What Are Colic Symptoms and How Can You Soothe Them?

For parents searching for answers about their inconsolably crying infant, the term colic often arises. Colic describes periods of intense, frequent, and prolonged fussing without an obvious cause, such as hunger or illness. It is a common, self-limiting behavioral phenomenon affecting up to one in five infants globally. Understanding that this period of excessive crying is temporary and does not reflect poor parenting can provide immediate relief. The focus shifts to implementing strategies that help manage this challenging phase until it naturally resolves.

Defining Colic and Recognizing the Signs

The diagnosis of colic relies on clinical criteria known as the “Rule of Threes,” established by pediatricians. This rule specifies that an infant’s crying must last for three or more hours per day, occur at least three days a week, and persist for three consecutive weeks. Importantly, the infant must otherwise be healthy, feeding normally, and showing typical growth patterns.

The crying episodes are characteristically sudden, often beginning in the late afternoon or early evening, and can appear intense. During these spells, the baby often pulls their knees up toward their abdomen, clenches their fists, or arches their back. These physical signs can suggest discomfort, though they are not always linked to genuine gastrointestinal pain.

The crying typically remains inconsolable despite parental efforts to soothe. Colic usually starts around two to three weeks of age, peaks around six weeks, and gradually lessens as the infant approaches three to four months.

Exploring Potential Causes and Contributing Factors

Despite decades of research, the precise cause of colic remains unknown, suggesting it is likely a combination of factors. One leading theory centers on the immaturity of the infant’s developing gastrointestinal system. This immaturity can lead to inefficient movement of food through the gut or difficulty processing gas, resulting in temporary abdominal discomfort.

Another perspective focuses on the infant’s nervous system and behavioral development. Newborns have a limited capacity to filter and process sensory input, and the intense crying spells may be a mechanism for releasing accumulated tension or overstimulation. This theory aligns with the typical evening occurrence, often called the “witching hour.”

Dietary factors are also explored, particularly sensitivities to milk proteins in formula-fed infants or certain foods consumed by breastfeeding mothers. While true food allergies are uncommon, temporary sensitivities to proteins may occasionally contribute to colicky symptoms. Some infants may simply have a more sensitive temperament, making them more prone to prolonged periods of fussiness.

Practical Soothing and Management Strategies

Managing colic focuses on providing comfort and helping the infant regulate their nervous system during crying episodes. One highly effective set of techniques, often referred to as the “5 S’s,” aims to mimic the soothing environment of the womb.

The 5 S’s

The 5 S’s include:

  • Swaddling, which provides a feeling of security.
  • The Side or Stomach position while holding the baby (never used for sleep).
  • Shushing (loud, continuous white noise).
  • Swinging (gentle, rhythmic motion).
  • Sucking (using a pacifier or finger).

Applying these sensory inputs together can interrupt the crying cycle by engaging the infant’s calming reflex. Consistency in using these methods can help the baby learn to self-regulate more effectively over time.

Physical and Dietary Adjustments

Physical interventions targeting digestive discomfort can offer relief. Gently massaging the baby’s abdomen in a clockwise circular motion can help move trapped gas through the intestines.

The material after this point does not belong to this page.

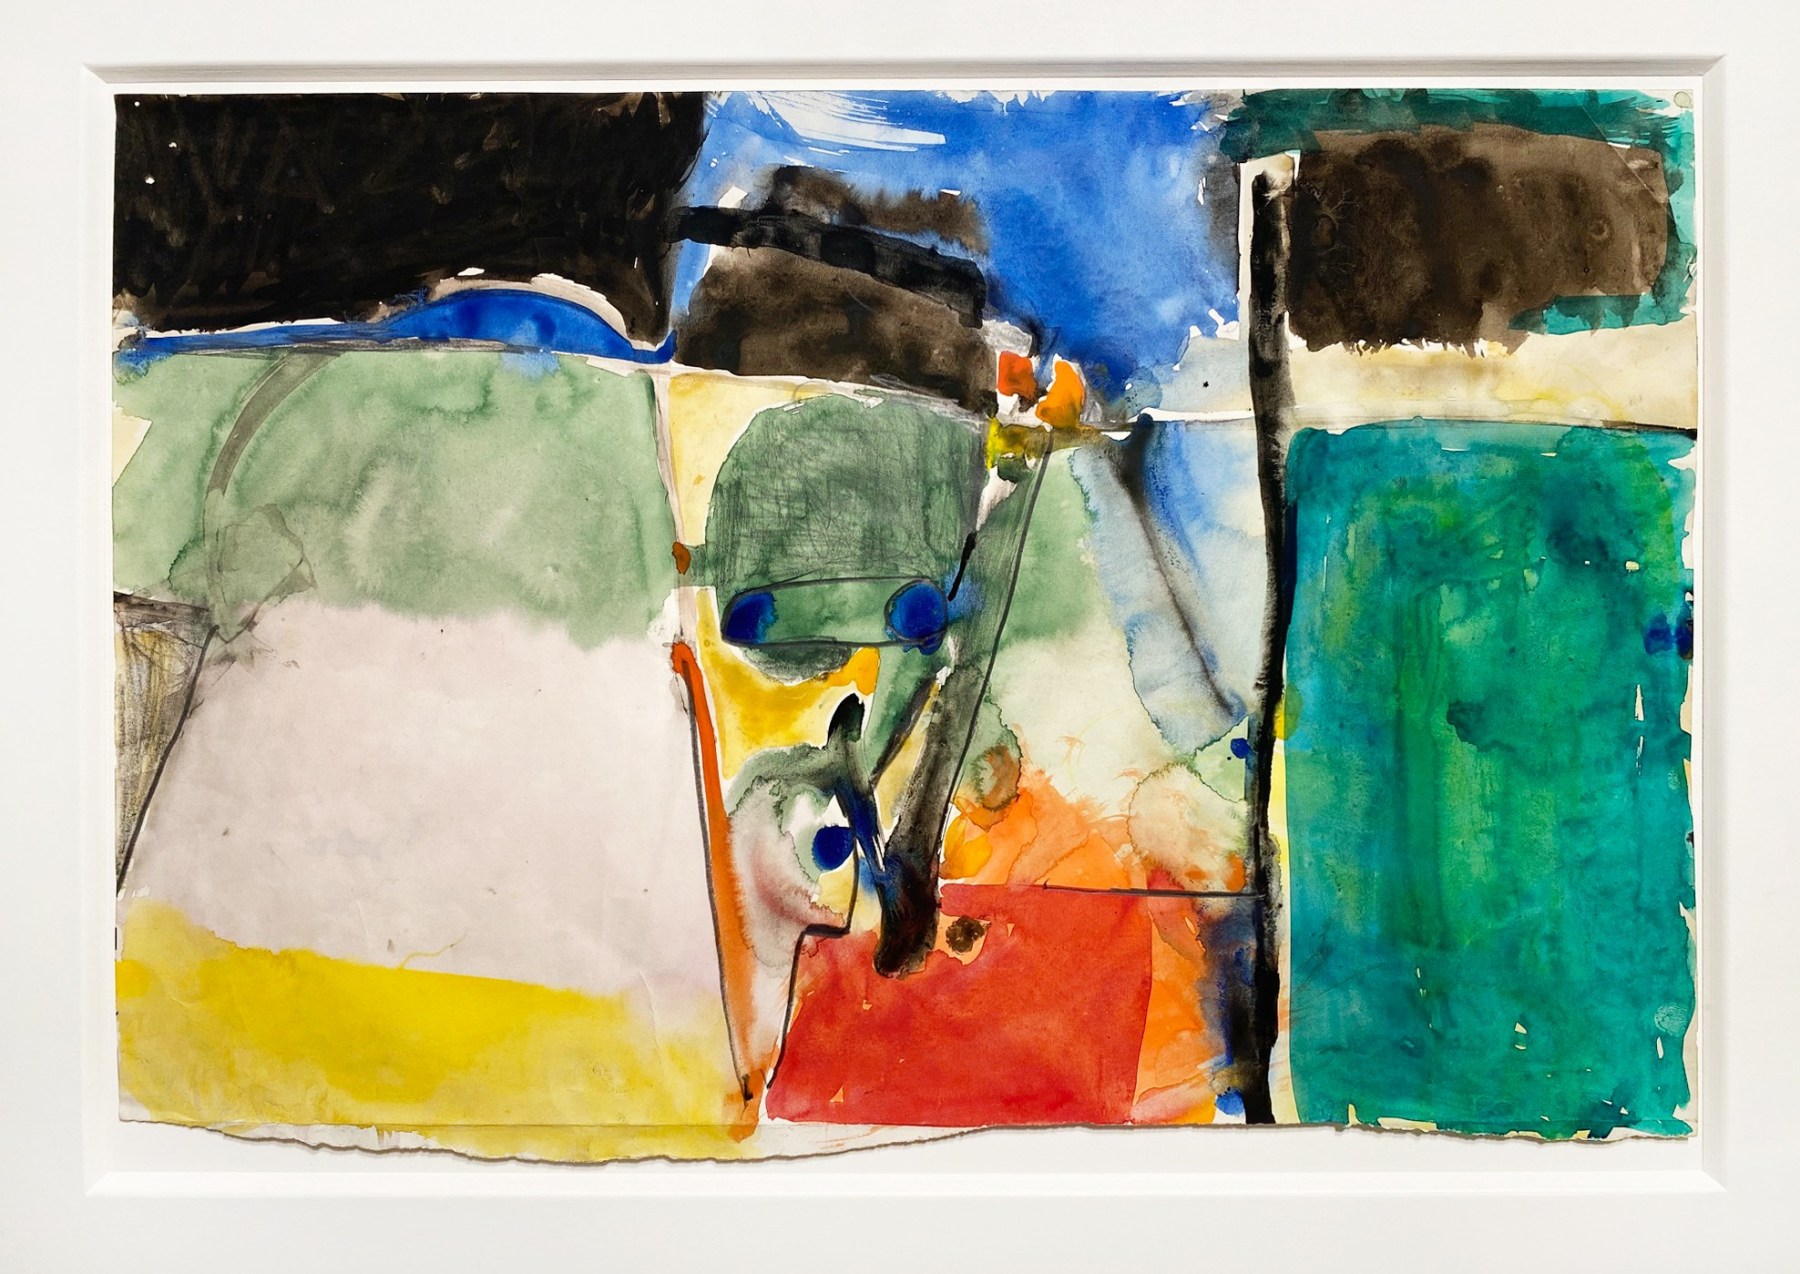 Richard Diebenkorn, Untitled, 1952-1953

Performing “bicycle legs” by gently pumping the infant’s legs toward their belly can assist in expelling gas and relieving bloating.

Adjustments to feeding practices can alleviate symptoms related to air intake. Ensuring a proper latch during breastfeeding or using specialized bottles designed to reduce air swallowing can minimize the amount of gas entering the stomach. Burping the baby frequently during and after feedings is a practical step to manage gas accumulation.

If a formula-fed infant is suspected of having a protein sensitivity, a pediatrician may recommend a trial change to a hydrolyzed formula. For breastfed babies, temporarily eliminating common allergens like dairy or soy from the maternal diet may be suggested, but this should always be done under professional medical guidance.

When to Seek Medical Guidance

While colic is generally a benign and self-limiting condition, it is always prudent to consult a healthcare provider to ensure the crying is not a symptom of an underlying medical issue. Colic typically resolves spontaneously between three and four months of age, but parents should be aware of warning signs that indicate something more serious than typical fussiness.

Parents should seek immediate medical evaluation if the infant exhibits “red flag” symptoms alongside the crying. These concerning signs include a fever, forceful or projectile vomiting, or the presence of blood or mucus in the stool. A sudden change in behavior, such as extreme lethargy or refusal to feed, also warrants urgent attention.

Monitoring the infant’s growth is important; poor weight gain or fewer wet diapers may indicate a feeding problem rather than simple colic. A doctor can perform a physical examination and necessary tests to rule out conditions like reflux or infection, providing reassurance or an alternative diagnosis.